WORK REQUIRED: Set down the data below without change, skipping the pictures it holds.

** DATA PROVIDED follows **

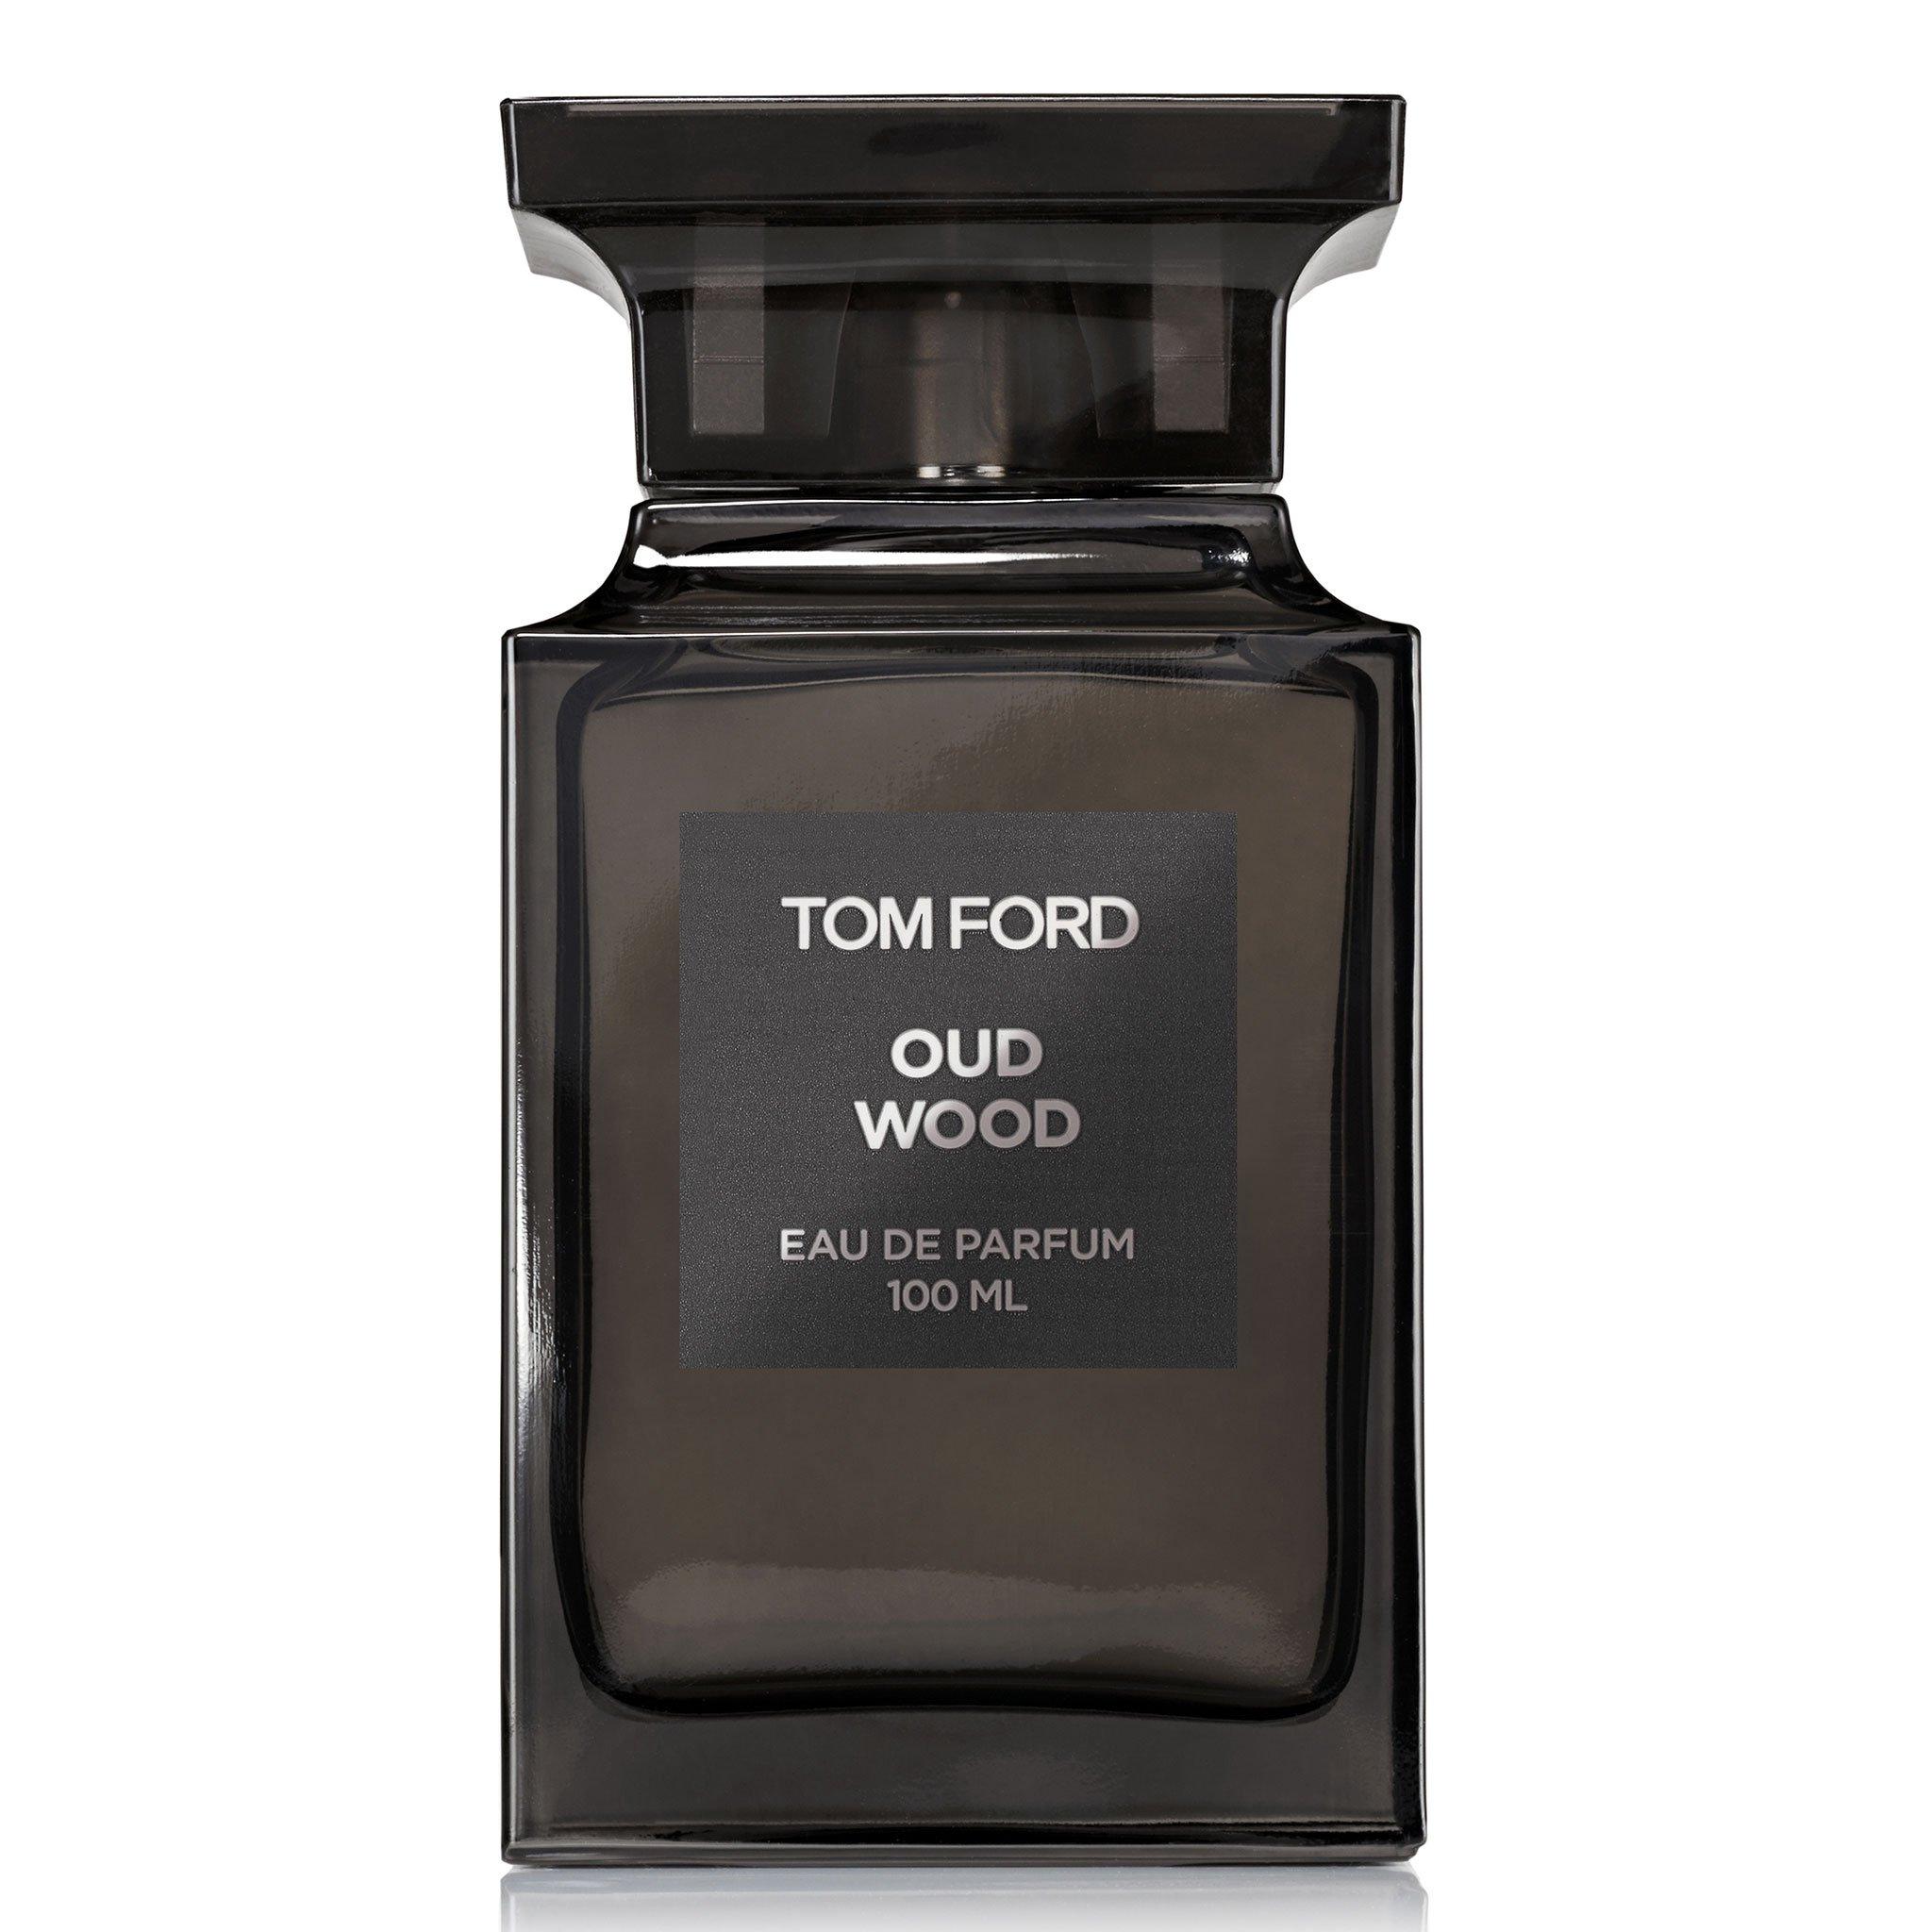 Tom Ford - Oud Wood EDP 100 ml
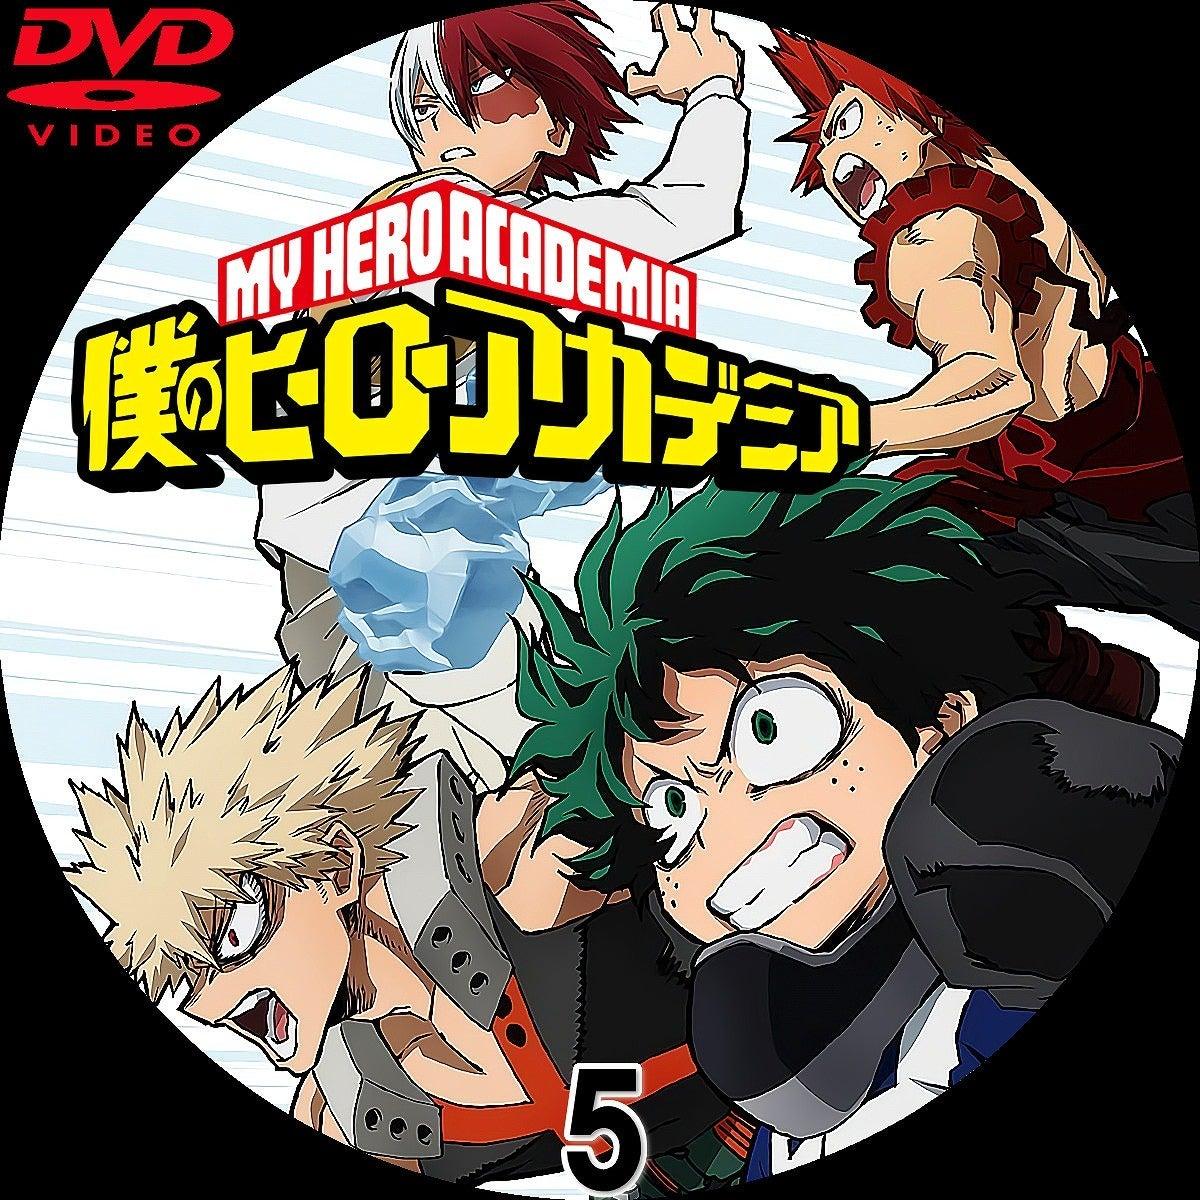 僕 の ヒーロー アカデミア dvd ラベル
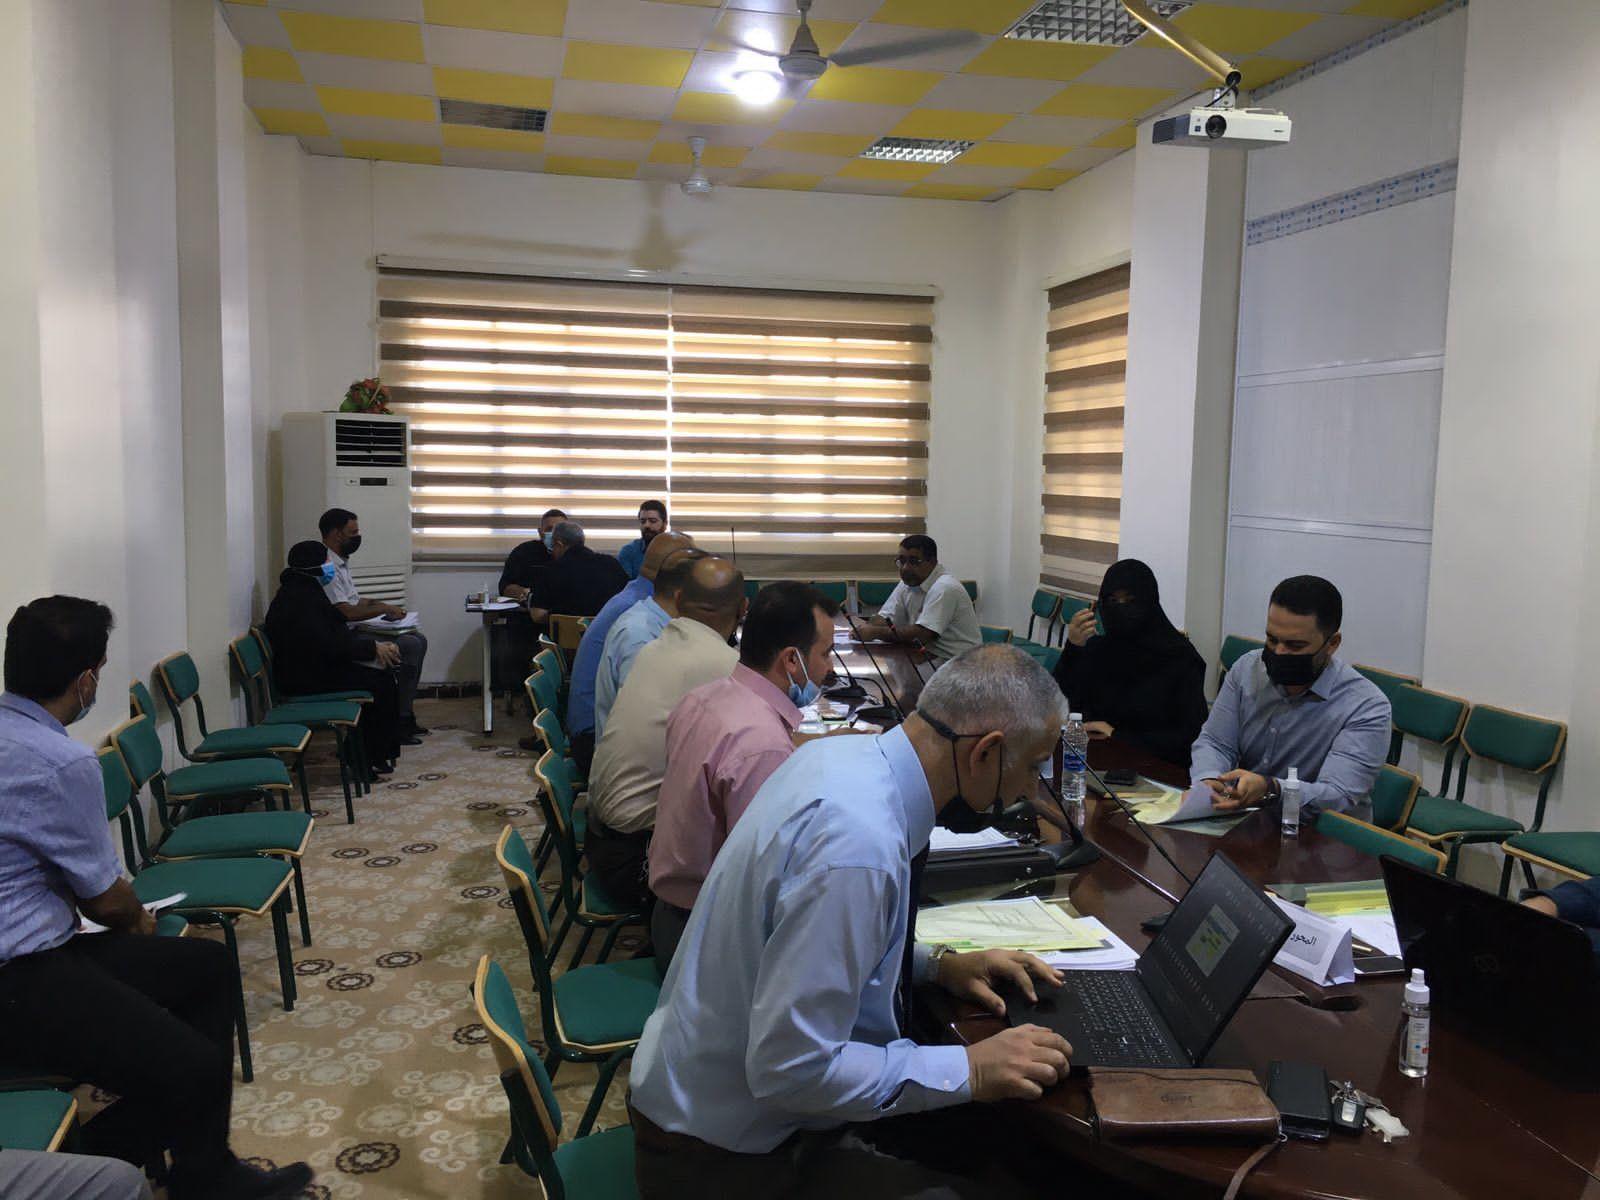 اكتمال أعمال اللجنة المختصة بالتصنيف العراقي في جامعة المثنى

** End of DATA PROVIDED **

RESPONSE TO THE TASK:
 Tom Ford - Oud Wood EDP 100 ml
 僕 の ヒーロー アカデミア dvd ラベル
 اكتمال أعمال اللجنة المختصة بالتصنيف العراقي في جامعة المثنى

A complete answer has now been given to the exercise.